3 min read

No More Cutting in Line: Crafting Fairness in Queues

No More Cutting in Line: Crafting Fairness in Queues

So what is this queue fairness and why should you care about it?

Recently we published an article on how to manage long-running tasks using a worker and queue, if you haven't read I suggest that you read it first, you can read it here.

Queuing systems offer reliability, and are very intuitive, but they are also really easy to mess up.

Before coming back to the main question, let's consider this simple scenario, you have set up the infra for managing long-running tasks using a queue so, whenever a user performs an operation on your platform, a job gets enqueued to the queue, an available worker will pick the job from the queue and process it, you might be wondering what's the issue here?

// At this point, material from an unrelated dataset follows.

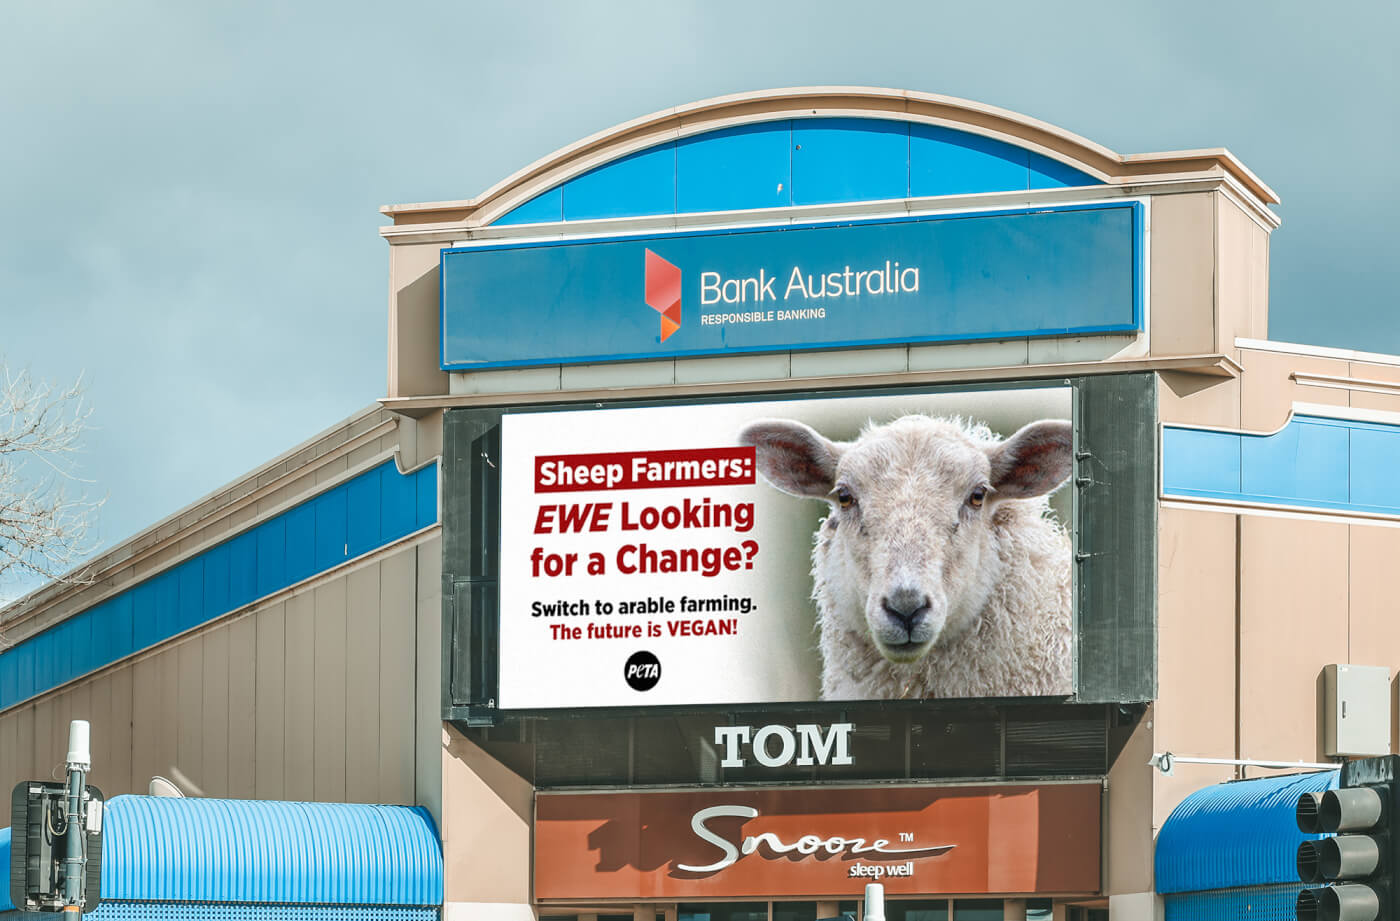 Bendigo Billboards Urge Sheep Farmers to ‘Baack’ Away From Animal Agriculture

Now check out the below image, in an imaginary world your app gets a lot of traction, and you onboard a bunch of users who are using your app concurrently. Now your queue has multiple jobs enqueued, so you will notice that other users' jobs are waiting in the queue to be picked up by the worker because Karen decided to perform a bunch of operations at once (well she's not wrong here) other users might not find this experience _FAIR_

Let's look at the definition of a fair queue:

Fair queuing is a family of scheduling algorithms used in some processes and network schedulers. The algorithm is designed to achieve fairness when a limited resource is shared, for example, to prevent flows with large packets or processes that generate small jobs from consuming more throughput or CPU time than other flows or processes.

In layman's terms basically, we don't want the users to wait and also not throw more hardware at this problem so we would like to implement some sort of mechanism that will ensure fairness of the queue and try to avoid resource starvation.

### Enough Talk, show me the <s>code</s> algorithm

There are multiple ways to solve this problem, the easiest is to throw more hardware at the problem but, this is not a sustainable solution and you are still going to face a resource starvation problem – hence we are going to put our fancy computer science hats and talk about Round Robin.

Excusing my terrible visual skills, let's try to understand how round-robin works, in simpler terms, we can think of taking turns, where your job will get resources for a fixed amount of time, and then the resources get passed on to some other job.

Let's devise a dead simple algorithm and then we will try to write code for the same.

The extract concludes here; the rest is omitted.